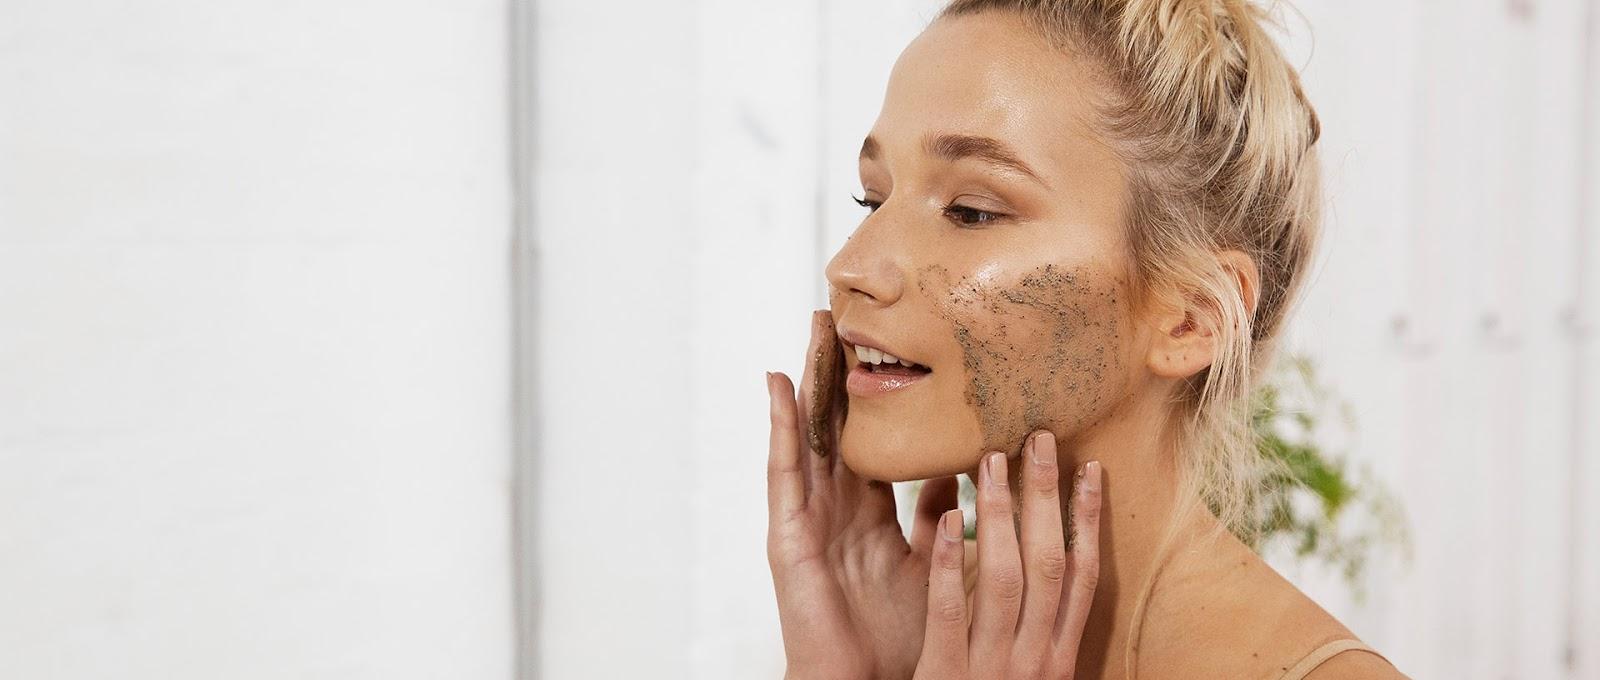 Facial care process
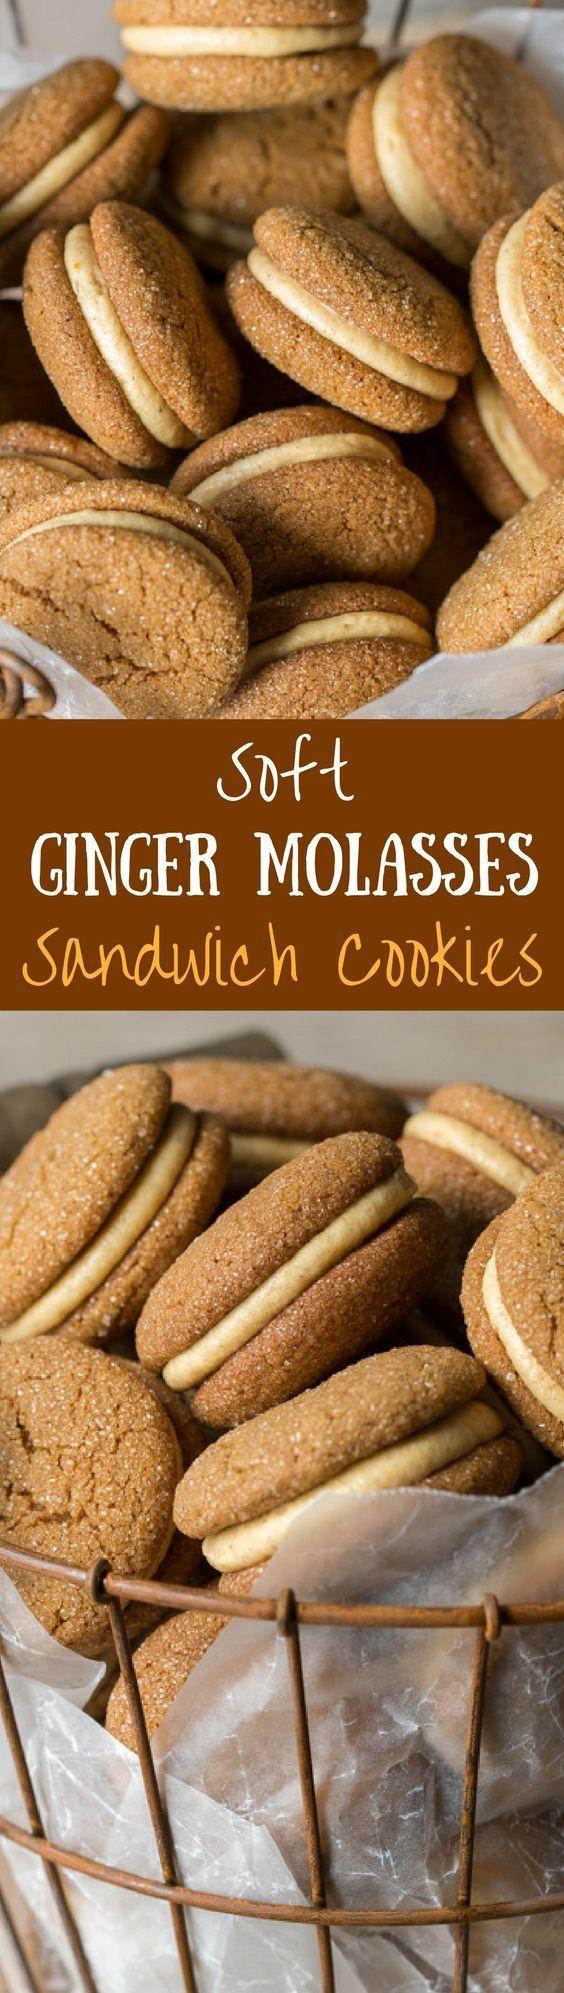 Soft Ginger Molasses Cookies with Pumpkin-Butter Buttercream   http://www.savingdessert.com
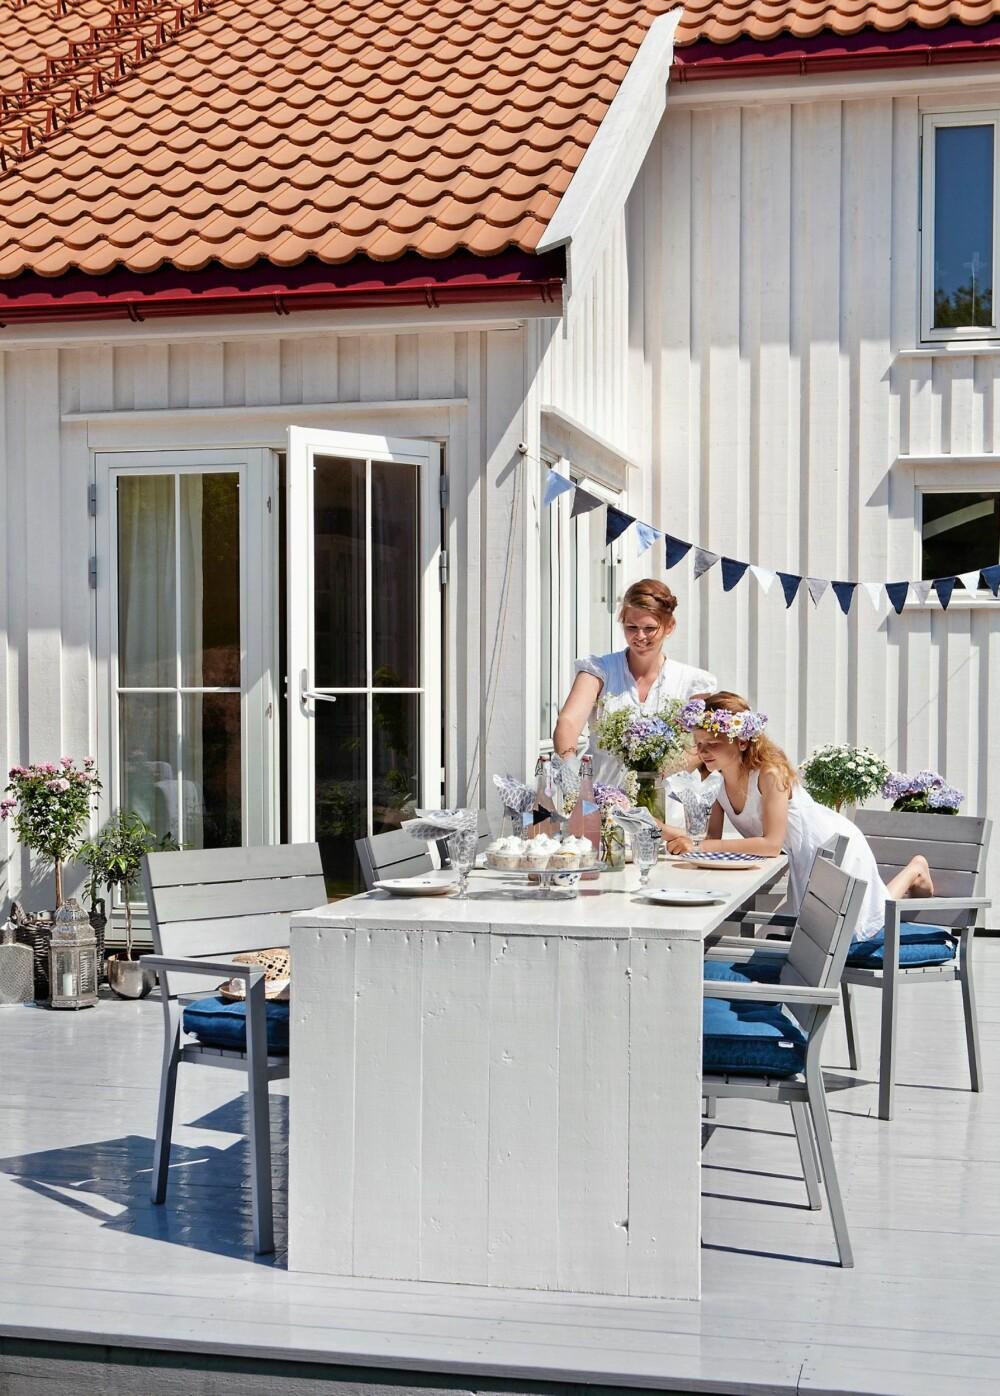 DEKKET TIL FEST: Hanne Mette Huseby elsker å pynte opp ute så vel som inne. Egenlagde vimpler gjør hverdagen til fest i en fei.

What you have to do
First drop every picture, then print the data above exactly as it stands.

Completed task
 Facial care process
 Soft Ginger Molasses Cookies with Pumpkin-Butter Buttercream   http://www.savingdessert.com
 DEKKET TIL FEST: Hanne Mette Huseby elsker å pynte opp ute så vel som inne. Egenlagde vimpler gjør hverdagen til fest i en fei.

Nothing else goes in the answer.